There were other areas of my pedagogy that, upon reflection, need to be improved, within the FCS. It did not occur to me that as someone who regularly uses technology, that I needed to make the distinction clear when having kindergarten student type the old favourite the quick brown fox jumped over the lazy dogs to account for the fact that I had typed it as normal in Microsoft Word, but that the letters on the keyboard were all in capital letters. It was not until near the very end of the lesson that I realised what the issue was. The students were correctly naming the the (lower case) letters on the whiteboard, and they were correctly name the (upper case) letters on the keyboard, but they were not linking the two types of letter as being the same letter in a different format. The next lesson, I was able to get access to alphabet strips, which showed the upper and lower case letters next to each other, and this immediately made a big difference.

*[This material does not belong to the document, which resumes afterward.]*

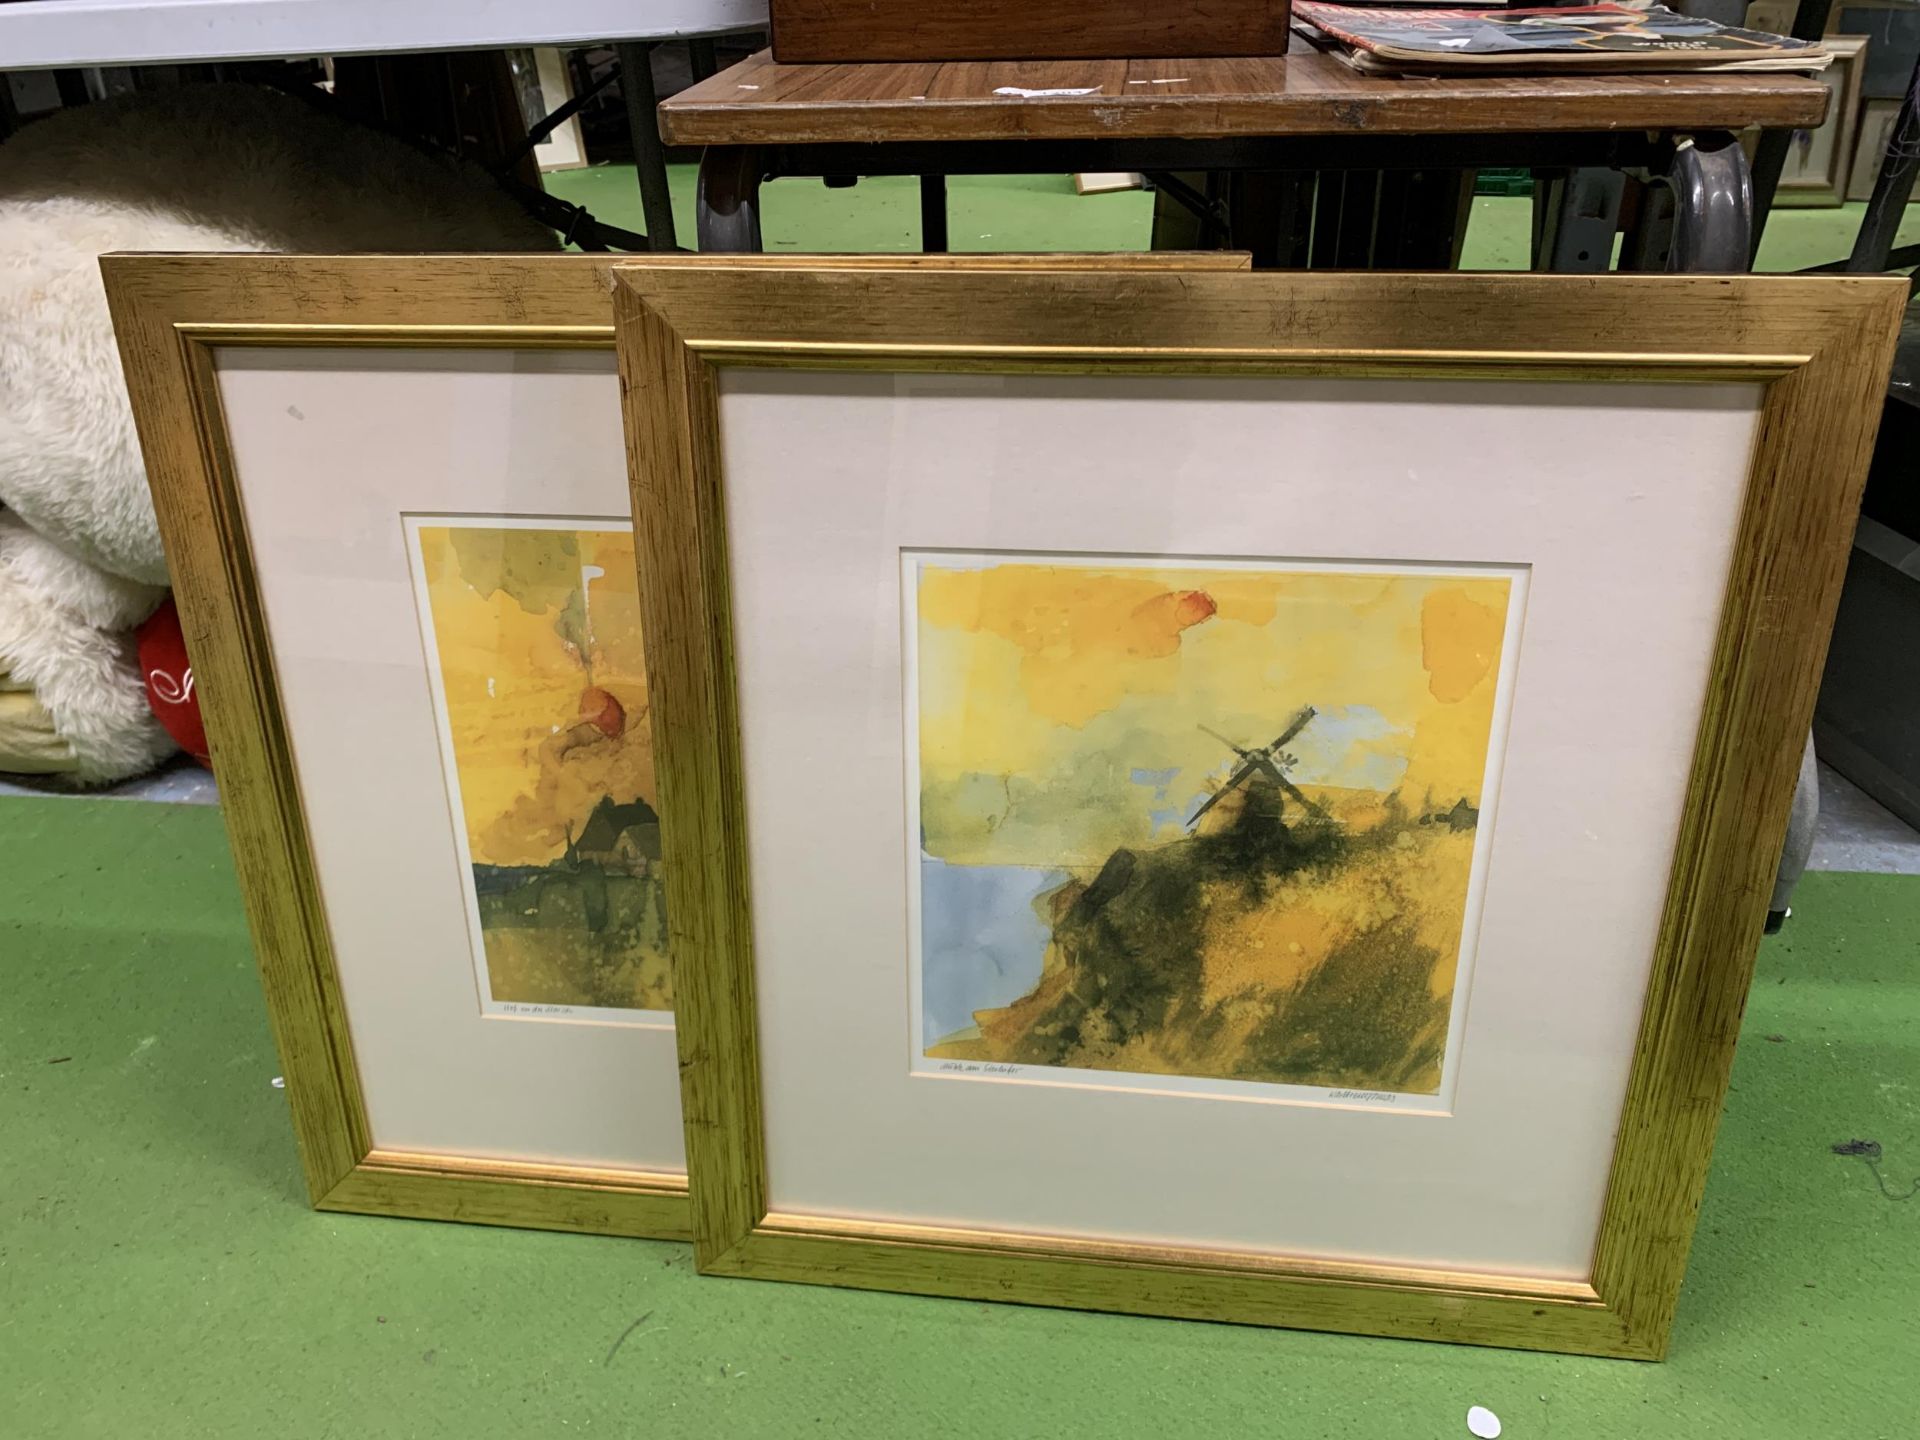 TWO GILT FRAMED PRINTS OF A WINDMILL AND RURAL SCENE
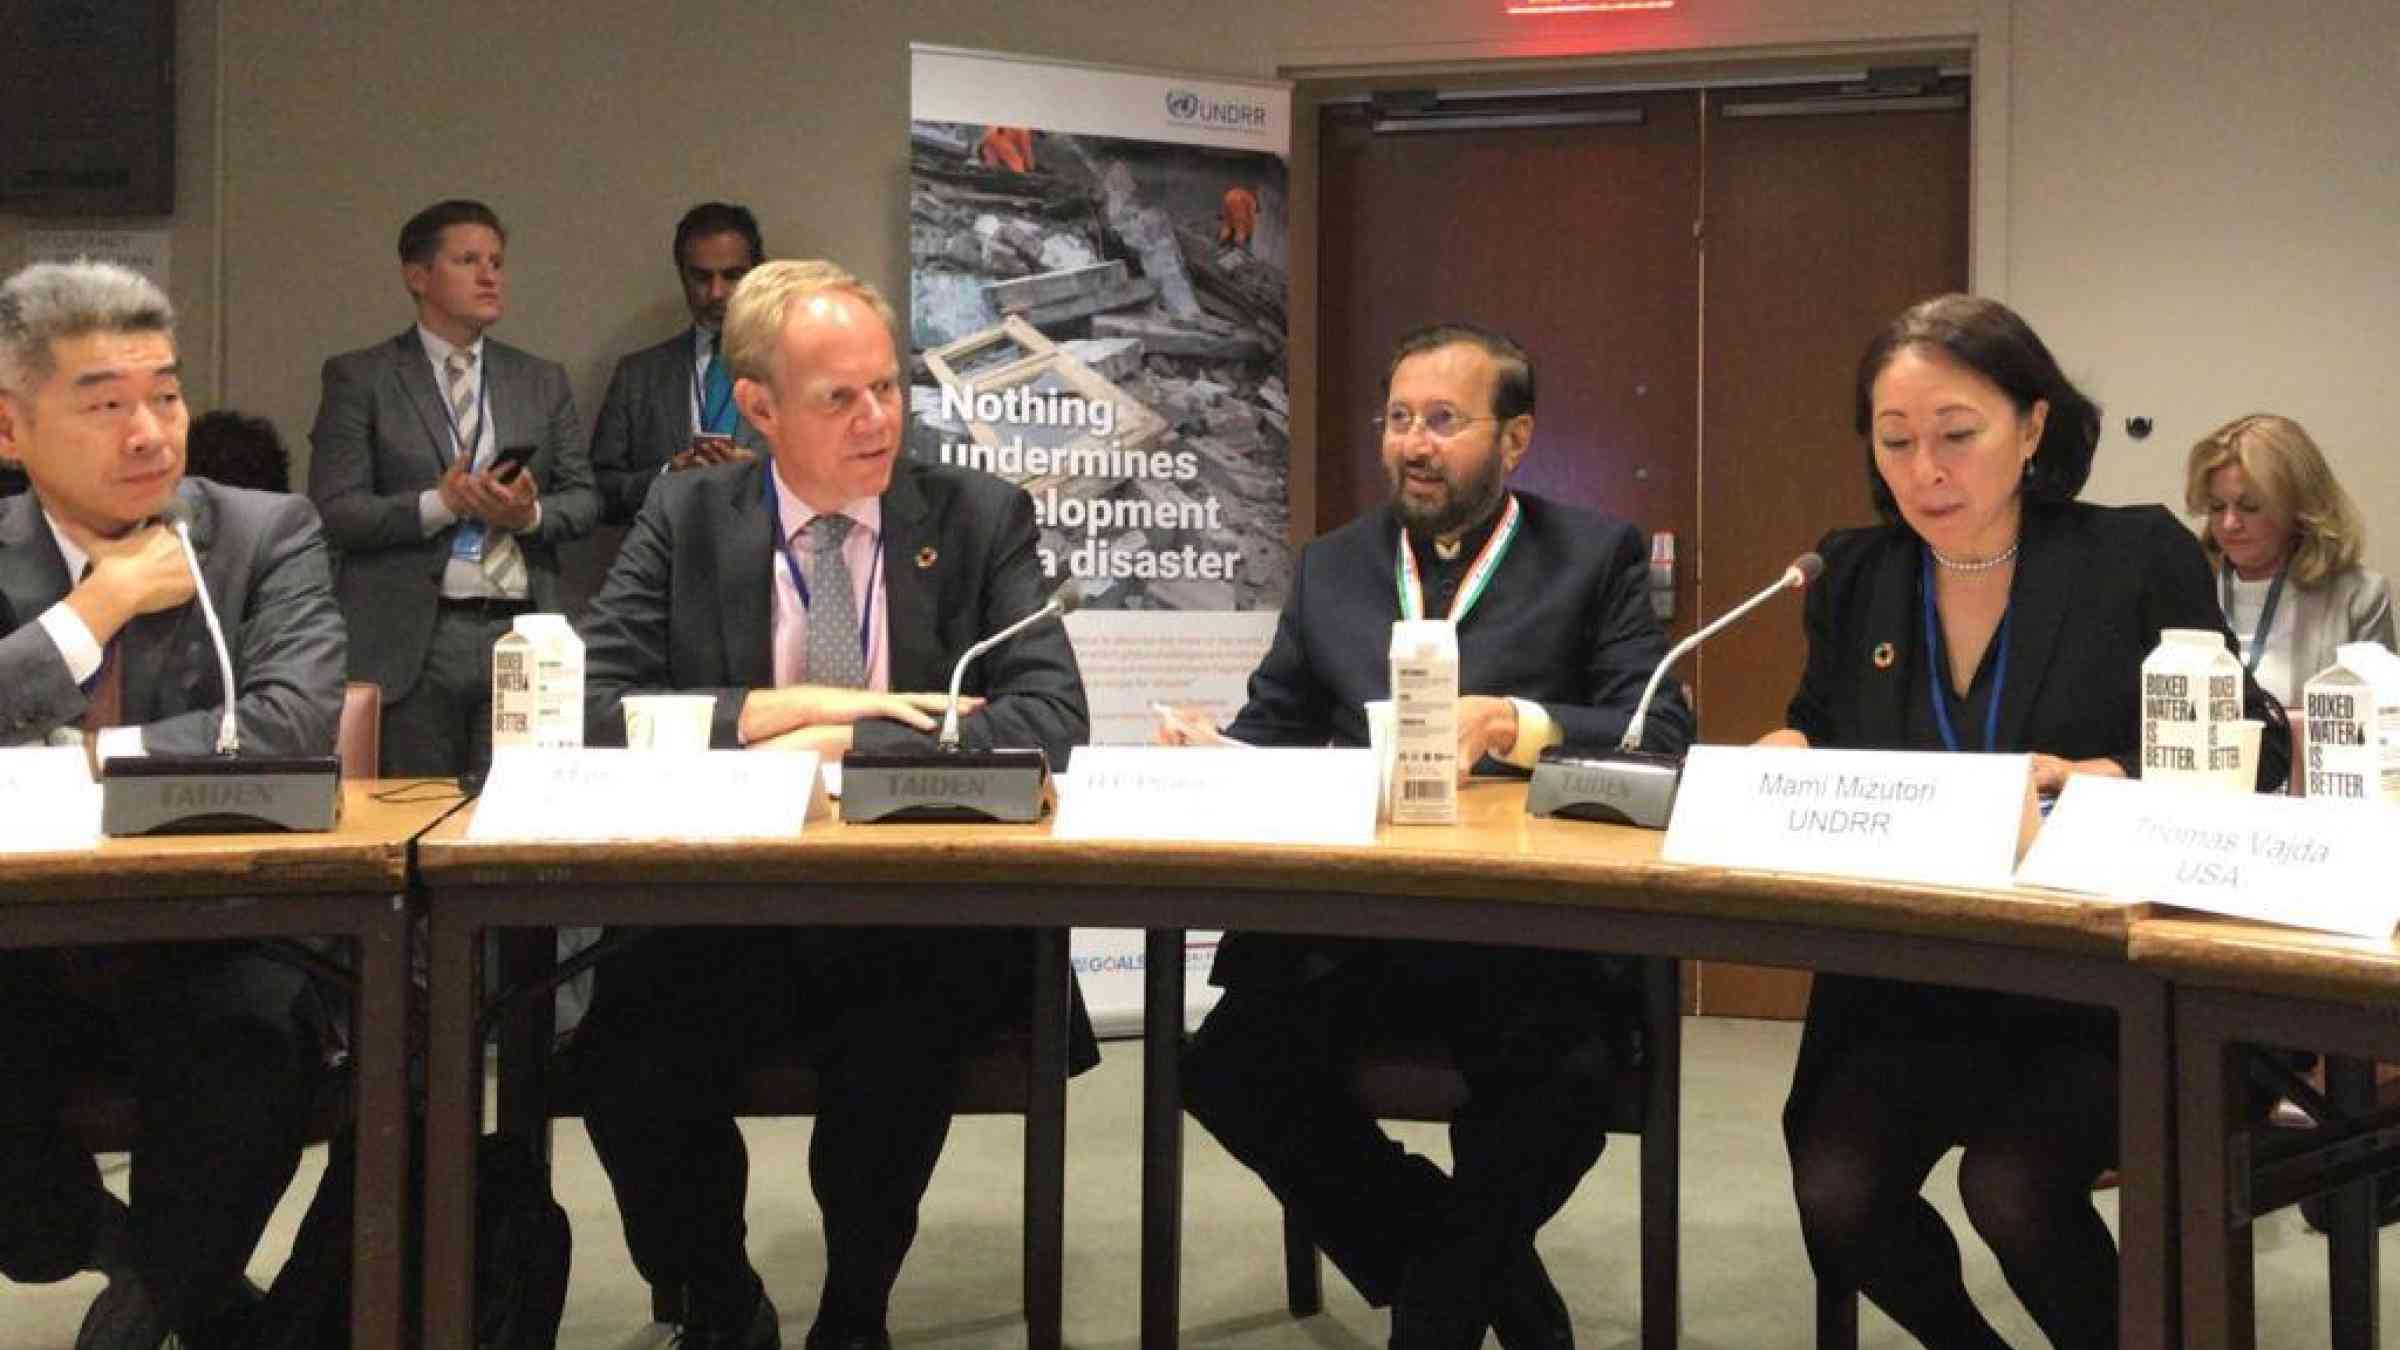 Prakash Javadekar, India’s Minister for Environment and Climate Change (centre), Matthew Rycroft, permanent Secretary for the UK Department for International Development (left) and Mami Mizutori, Head of the UN Office for Disaster Risk Reduction at the coalition event in New York.

I commented to the classroom teacher when she returned from her break what had happened, and she indicated she had the same issue at the start of the year when she attempted to have the students do some typing on the computers. Currently, Year Six are away on the annual Canberra excursion, and I have been able to commandeer one of the Year Six classrooms, which has an interactive whiteboard. I utilised this when I had a kindergarten class this morning, and had each student name and type one of the letters using the on-screen keyboard.

It is, I keep finding, the little things that make the difference. As always, thank you for reading, and I would like to hear from anybody who has realised things that they need to change in their pedagogy when teaching ICT skills, to any age group. Please pass this onto any pre-service teachers or newly graduated teachers that you know. I would rather they learn from my mistakes, than have to make the same mistakes themselves.